Опять перед глазами пошла вереница лиц, и из них Алексей попытался выбрать то единственное, которое отметила несколько минут назад память, но не смог. Он знал, что Тоня, отпросившись у бригадира, все эти три дня была в доме, его доме, помогала женщинам по хозяйству, даже как будто о чем-то спрашивала его, Алексея, а он ей что-то отвечал… А потом ушла неприметно, даже не дождавшись и того короткого «спасибо», которое Алексей говорил всем управницам. Ушла, словно чувствовала за собой вину. А какая вина? Не судья он ей. Вольному — воля. То, что было в последнюю школьную зиму между ним и ею — так, детство. Вообразил, что любит. Даже объяснился, нескладно, в школьном радиоузле. А микрофон случайно оказался включенным. Его объяснения вся школа слушала. Правда, ничего особенного в нем не было, всего пять слов: «Тоня, я, кажется, тебя люблю». Как попало в самую середину это «кажется», убей бог, не помнит. Словно в обмороке каком находился тогда. Может, и микрофон поэтому забыл выключить. А она спокойно ответила: «Леша, вот когда не будет «казаться», тогда и поговорим». И щелкнула кнопкой. Дело не в микрофоне, пускай слышали, пускай знают — все равно был уже выпускной вечер. Дело в том, что она как-то неожиданно, разом, в один-единственный вечер повзрослела, а он как был мальчишкой, так им и остался. Она и последний вальс танцевала не с ним, а с Бобой, Борисом Барабиным, который тоже, как и Тоня, враз «постаршел». В черном костюме прикатил на вечер, в галстуке — этакий фон-барон! Хоть выпускной и не имел к Борису ровно никакого отношения — Барабин оставил школу после седьмого класса, — но он появился, взрослый, уверенный, под легким хмельком, что заметил разве только директор школы, а заметив, мер не принял. Вел себя Борис нормально, без вольностей, которые допускались на танцплощадке. И встречать рассвет на реке они пошли вместе — Тоня и Борис Барабин. Правда, туда все направились.

Рассвет долго не занимался — мешали облака, низкие, плотные, в какой-то свинцовой наволочке. В ожидании солнца ребята затеяли купание, прыжки с ледоломов. Прыгнул с правого, не очень высокого ледолома и Алексей. Не «солдатиком», а вперед головой. Нормально прыгнул, не хуже других. Даже аплодисменты заслужил. Борис смотрел на прыжки, как смотрит старший брат на забавы своих меньшаков, снисходительно и покровительственно.
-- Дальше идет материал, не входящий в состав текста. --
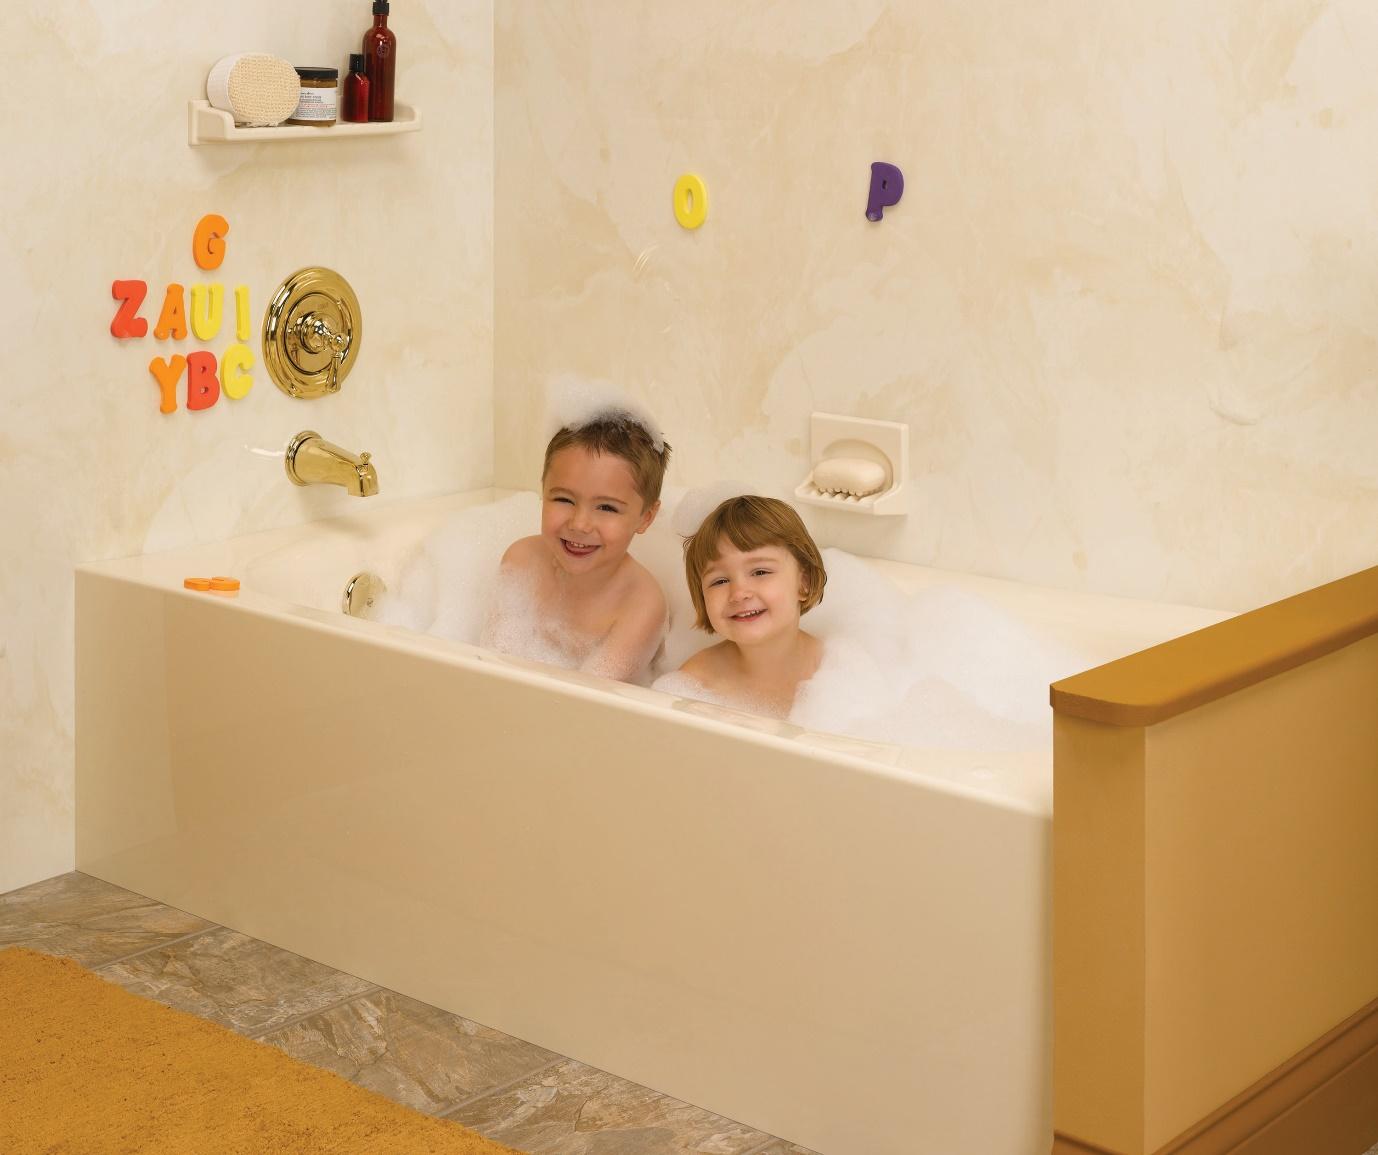 paylessbath-kids

Потом он неторопливо разделся, поднялся, и не на ледолом, а на перила моста, и прыгнул почти с двадцатиметровой высоты. Красиво, под восхищенные взгляды.

— Не сиди на пороге — гости приходить не будут, — сказала Гутя. — Один-то ночевать не боишься? А то, может, Матвея прислать?
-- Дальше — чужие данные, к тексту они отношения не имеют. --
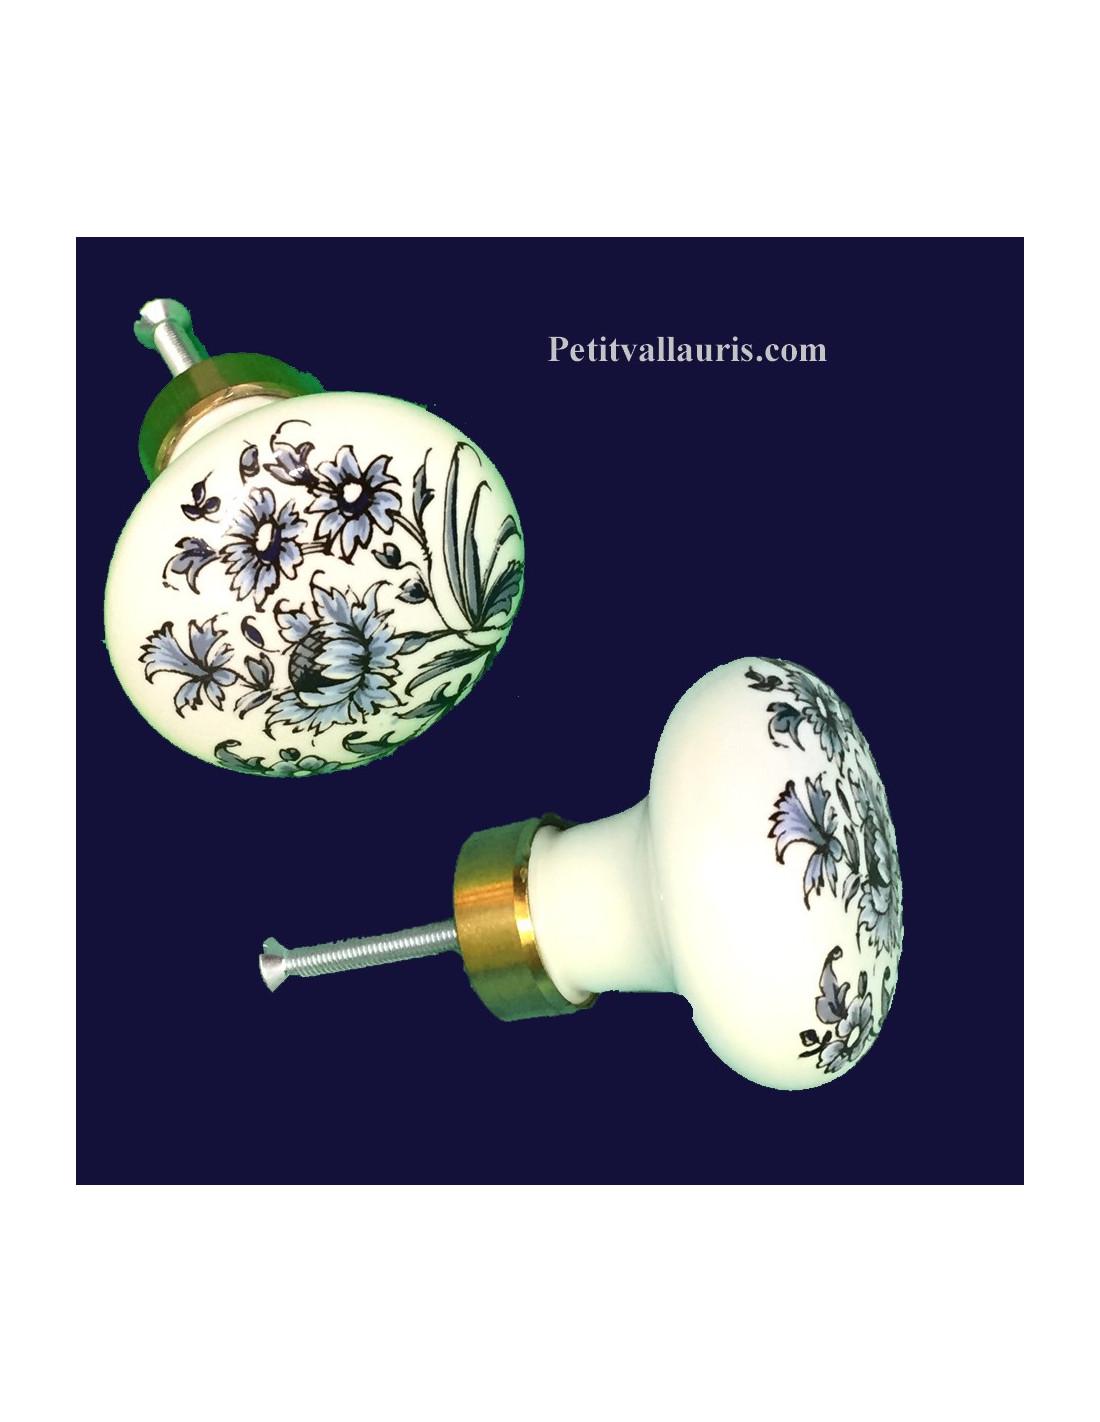 bouton de placard d cor tradition vieux moustiers bleu diam tre 50 mm le petit vallauris. Black Bedroom Furniture Sets. Home Design Ideas

— Мне все равно, — ответил Алексей.

— Все одно, дак лазили бы в окно, — проговорила Гутя, выглядывая в сенцы. — Ба-атюшки! Николай Ермилыч пожаловал! Ждали-ждали на похороны, на поминки, край, а он вот когда… Ладно, побегу я, дома управляться. Если че, Леша, в ставень оконный стукани. Мы с Матвеем почуткие стали на сон, видно, к старости дело движется. Дак брякни, если че…

— Спасибо, — сказал Алексей, — вам за беспокойство…

— Какое там беспокойство… Да была бы Соля живая…

Гутя, за все похороны не проронившая и слезинки, вдруг запричитала, высоко, по-бабьи. Наболело, видно, вот и взялась слезами напоследок. На похоронах-то вся в заботах утонула. А сейчас после чая да рюмки водки оттаяла. Коротко всплакнув, засовестилась:

— Спомнила я, Леш, как Солюшка мне вильвету на кустюм из города привезла. У самой доброй пары не было, а мне подарила с веселым приговором: «Пошей с красой, носи с косой». Когда в девках бегала, коса была до пят. А косу-то я потом, в войну, нарушила: где на нее мыла напасешься! Совсем забыла, а Соля вот напомнила, навела на мысль отрастить изнова. И отпустила я, не прежнюю, но большонькую. А Матвей пришел, так первым делом и сказанул: «Какой ты, Гутя, гвардейский молодец, коль за войну косу сохранила!»